Photographie : Blanc-Seing.

Le jour est gris, brumeux, avec quelques filaments bleuâtres traînant au ras du sol. Fin de l'été. Avant-goût de l'automne. Il fait déjà si frais et les jours se suivent comme exténués. L'hiver sera rigoureux. En témoigne le criaillement incessant des freux rayant le ciel de leurs faucilles noires. C'est du moins ce qui se dit, ici, sur les terres de Bérieux-le-Haut, parmi les touffes sauvages de la garrigue et les monticules de pierre. On parle peu dans cette contrée aride que parcourent les sillons du vent. On courbe l'échine, on se vêt de canadiennes calamistrées, on se faufile, silhouettes usées, au milieu des toisons sales des moutons, dans les creux d'argile des collines. Quelques mots, parfois, lâchés entre deux rafales de tramontane, deux coups de blizzard venus du lointain de la mer. Quelques grognements pour dire la Folle qui demeure ici et cloue des crapauds et des ailes de chauve-souris sur les portes des étables, celles aussi des demeures émergeant à peine du sol. Le matin, dans le rond de la lampe de carbure, les hommes sortent avec précaution, évitant de marcher sur une dépouille, une membrane encore prise des remous de la nuit. Avec le brin d'une fourche on se saisit de la peur, on la porte à la manière d'un mortel sortilège, on la précipite dans le bouillonnement des eaux, on veut l'oublier. Si terrible la folie quand, dans les plis nocturnes, dans les meutes de nuages noirs, elle ricoche infiniment entre terre et ciel, portant aux hommes la plaie avec laquelle ils doivent vivre, dont, jamais, ils ne sortent.
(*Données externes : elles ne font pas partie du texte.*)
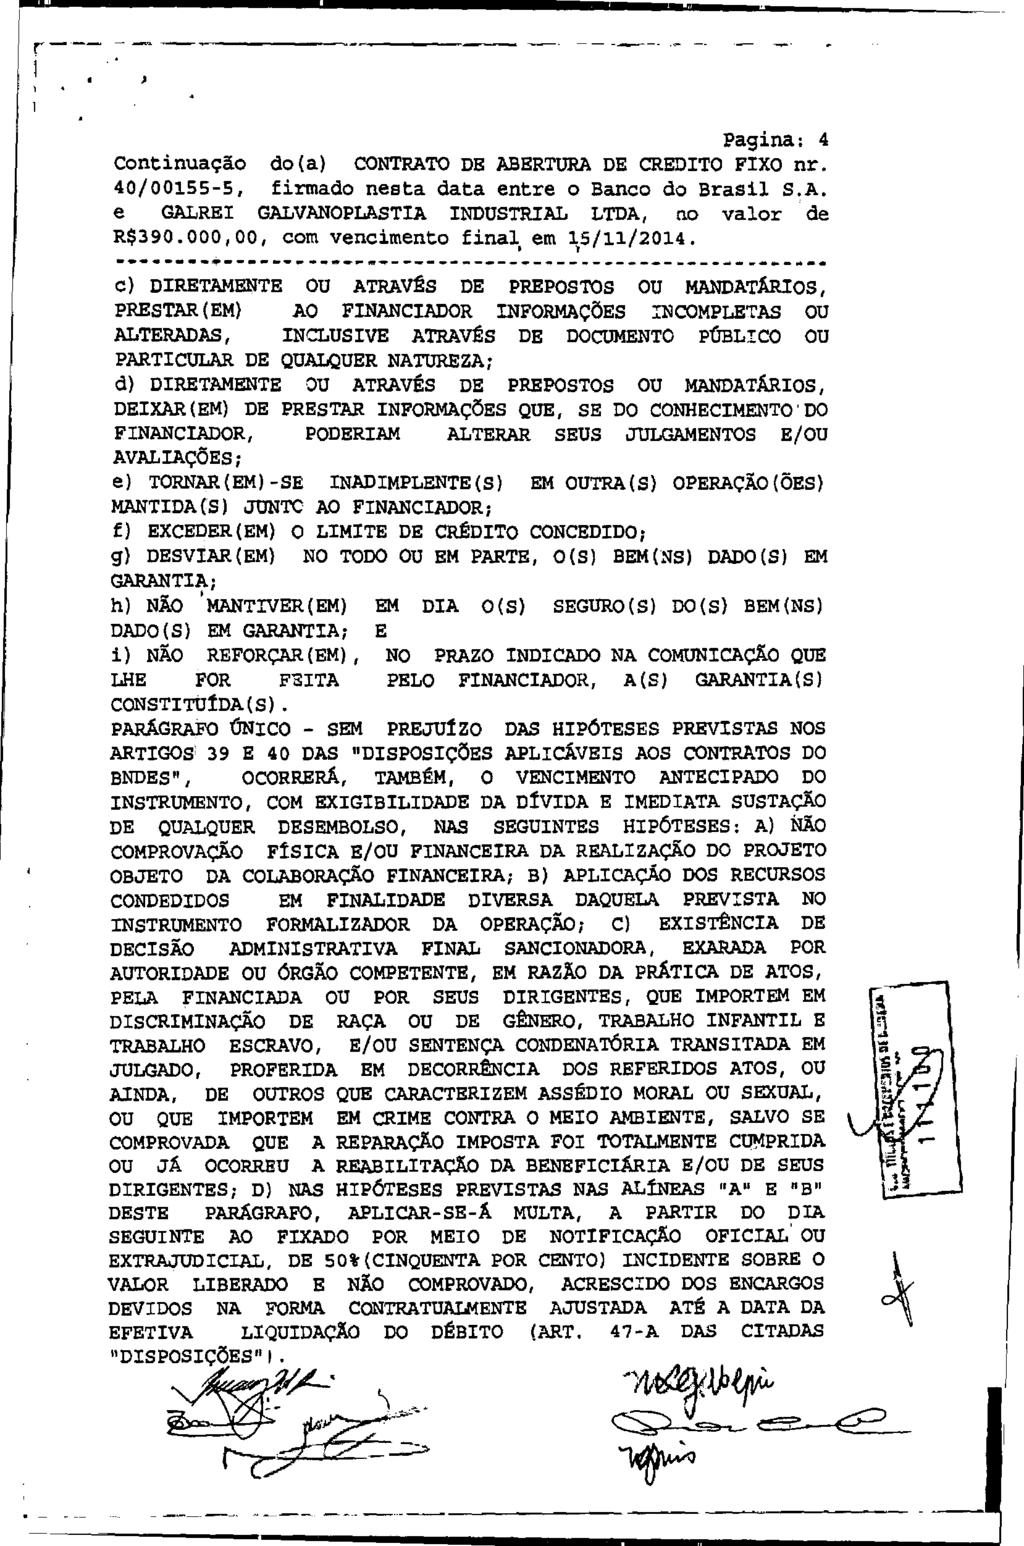 fls. 13 Este documento é cópia do original, assinado digitalmente por EDUARDO JANZON AVALLONE NOGUEIRA e Tribunal de Justica de Sao Paulo, protocolado em 16/07/2015 às 09:43, sob o número

Le chemin monte à l'assaut de la colline en une longue traînée blanche qui, au loin, se perd dans le moutonnement plus sombre des chênes-verts. J'ai remonté le col de mon blouson, entouré mon cou d'une écharpe. Une humidité couleur de zinc monte du ruisseau longé d'un liseré d'arbres. Sur ma droite, dans un fouillis de ronces et de mûres sèches, un genre de cirque abrite une étique fontaine. Un gargouillis s'en échappe, venu des profondeurs de la roche. Une bâtisse proche, aux ouvertures étroites, aux volets disjoints battant contre les murs, une lampe nue y diffuse une lumière avare, comme si, ici, rien ne devait jamais sortir d'un immémorial mutisme. Une silhouette à l'intérieur, celle d'un berger se sustentant avant d'aller rejoindre son troupeau. Quelques chèvres sur une butte. Puis les traces de l'homme s'effacent pour laisser place au règne du minéral, du végétal. Bientôt, sous le couvert des arbres, comme au bout d'un long tunnel, je n'aperçois plus de Bérieux que le chaos de maisons grises, le foisonnement des platanes noyés dans une flaque jaune, le rythme des clôtures de bois. Partout, dans le massif forestier, des sentiers ouverts par la fougue des sangliers, les traces des sabots des chevreuils, des poils accrochés aux buissons. Là, au contact de ce pays si austère, si empreint de mystère, les phrases des bergers résonnent dans ma tête, galets faisant leur bruit d'osselets tout contre la digue de la tête.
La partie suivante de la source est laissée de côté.